- VCD cover
- Directed by: J. G. Krishna
- Written by: Srichandru (dialogue)
- Screenplay by: J. G. Krishna
- Based on: Budget Padmanabhan (Tamil)
- Produced by: N Srinivas
- Starring: Jaggesh Ravali Kruthika
- Cinematography: J. G. Krishna
- Edited by: Rajashekhar Reddy
- Music by: Sadhu Kokila
- Production company: Sushma Films
- Release date: 9 May 2001;
- Country: India
- Language: Kannada

= Jipuna Nanna Ganda =

Indian Kannada-language comedy drama film

Jipuna Nanna Ganda is a 2001 Indian Kannada-language comedy drama film directed by J. G. Krishna and starring Jaggesh, Ravali and Kruthika. The film was a remake of the Tamil film Budget Padmanabhan (2000).

== Production ==
This film marked Jaggesh's third collaboration with his classmate J. G. Krishna after Drona and Nannaseya Hoove (both 1999).
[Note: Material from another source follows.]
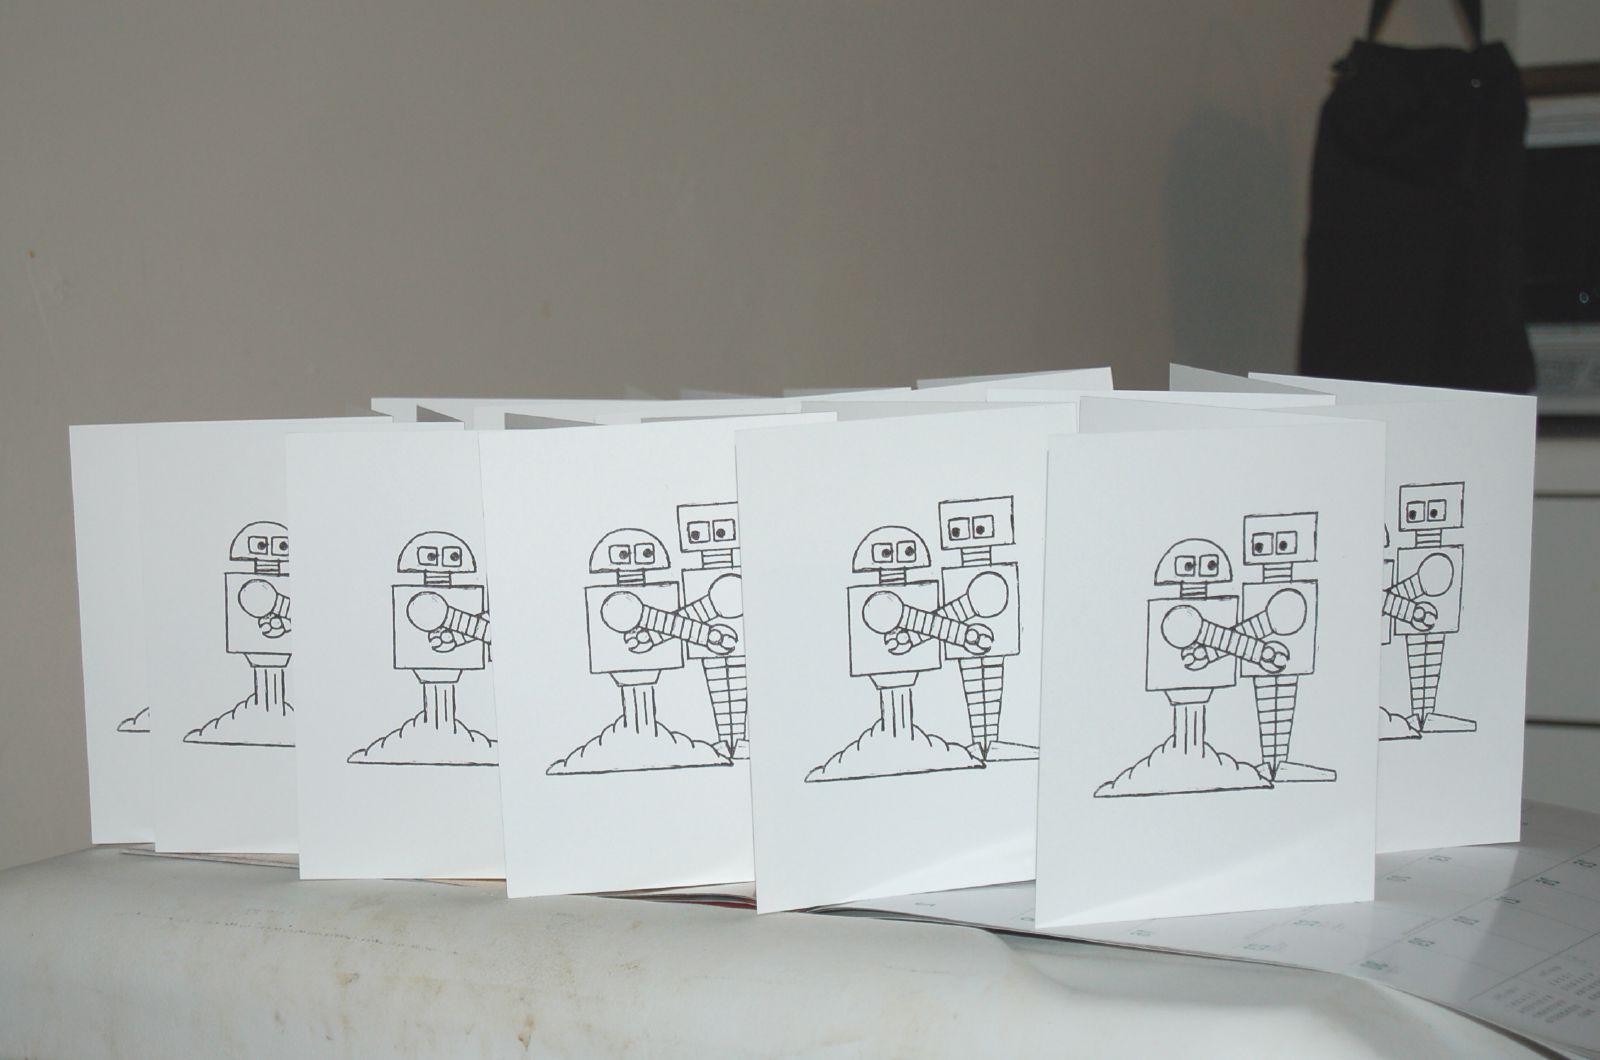 A few nice wedding invitation images I found:

This was the first time he worked with J. G. Krishna as a director as Krishna previously worked with him as a cinematographer.

== Music ==
The music was composed by Sadhu Kokila.

Track listing
| No. | Title | Lyrics | Singer(s) | Length |
|---|---|---|---|---|
| 1. | "Budgetettu Budgettu" | Srichandru | Manu |  |
| 2. | "Kanasina Hakki" | Srichandru | Unni Krishnan |  |
| 3. | "Manase Manase" | V. Manohar | Nanditha, Rajesh Krishnan |  |
| 4. | "O Santhoshada" | Srichandru | Jaggesh, Nanditha, Sadhu Kokila |  |
| 5. | "Dham Are Dham" | V. Manohar | Anuradha Sriram, Rajesh Krishnan |  |
| 6. | "Yellello Swartha" | Srichandru | Srinivas |  |

== Box office ==
The film was a box office success and ran for a hundred days, thereby becoming the first Jaggesh film to do so in his nearly twenty-year-old career.